Death is perfection, everything else is relative on Editions Mego – Touching Extremes – Massimo Ricci

Touching Extremes

Editions Mego

Subsequent to a series of personal losses, France Jobin – Montreal’s minimalist composer of deserved renown – was forced to come to terms with something that haunts the existence of countless beings. As pathetic as this usually appears (courtesy of the average human’s shallowness), she attempted a rational collocation of chaos in her life, at the same time recognizing death as the ultimate symbol of a not better specified “perfection”. The introductory notes quote an excerpt from David Deutsch’s book The Fabric Of Reality, grounded

on the theory of phantom photons. Now, when it comes to photons this writer’s cynical experience translates as follows: interesting stuff on paper, yet inevitably destined to become, in most cases, food for pseudo-intellectual exhibition of the self (though I’m convinced that Jobin doesn’t belong to that category). After all, everyone is entitled to clutching at the straws of unearthly conjectures to put a measure of order in their own mind. Particularly when the grim reaper comes around waving us hello under various guises, which – in this day and age – happens quite frequently, including the cerebral demise of selected wannabe “authorities” dabbling in issues beyond their reach.
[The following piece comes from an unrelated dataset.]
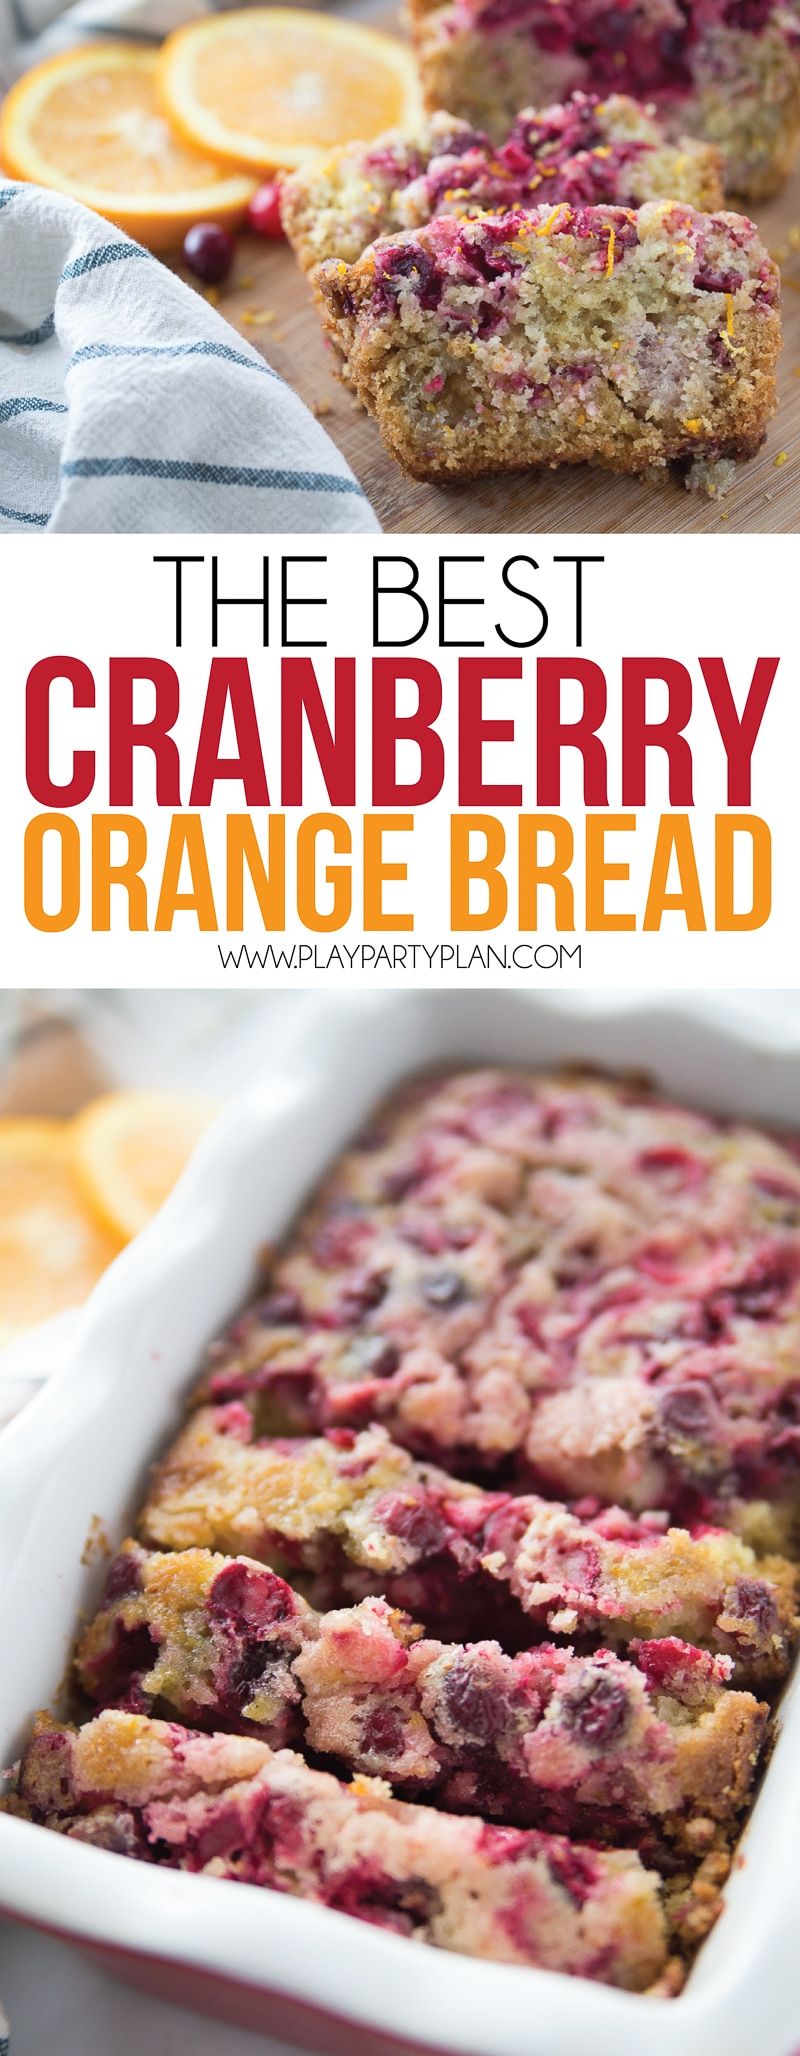 This is the best cranberry orange bread recipe! It’s easy to make, incredibly moist, and delicious whether you make it in mini loaves, muffins, or regular loaves! Just make sure to make double because it’ll be gone in minutes!

Fortunately, besides any cognitive necessity Jobin is an expert sound assembler. The music she created for this album derives entirely from a Buchla 200 analog synthesizer, except for a shorter and less assuaging track – “Soar” – made with Klara Lewis and exclusively available in the digital version. The longer pieces “Inertia” and “P”, however, represent everything that needs to be (un)told. There’s an answer to every question, there’s calmness behind any anxious doubt if only one delves in the right combination of frequencies. Jobin concocted textural trails that stay with the listener unobtrusively, typically projecting one or two suspended chords. The result amalgamates perfectly with our environment when played at moderate volume. Still, the apparent stasis is perturbed by the very pulsation that it contains. We detect imperceptible subsurface discolorations, brief dissipations of energy across the harmonic flawlessness, a few dynamic weaknesses and slight distortions in an otherwise rather narcotic flux. It’s sorrow-inducing, brain-quietening, and profoundly individual.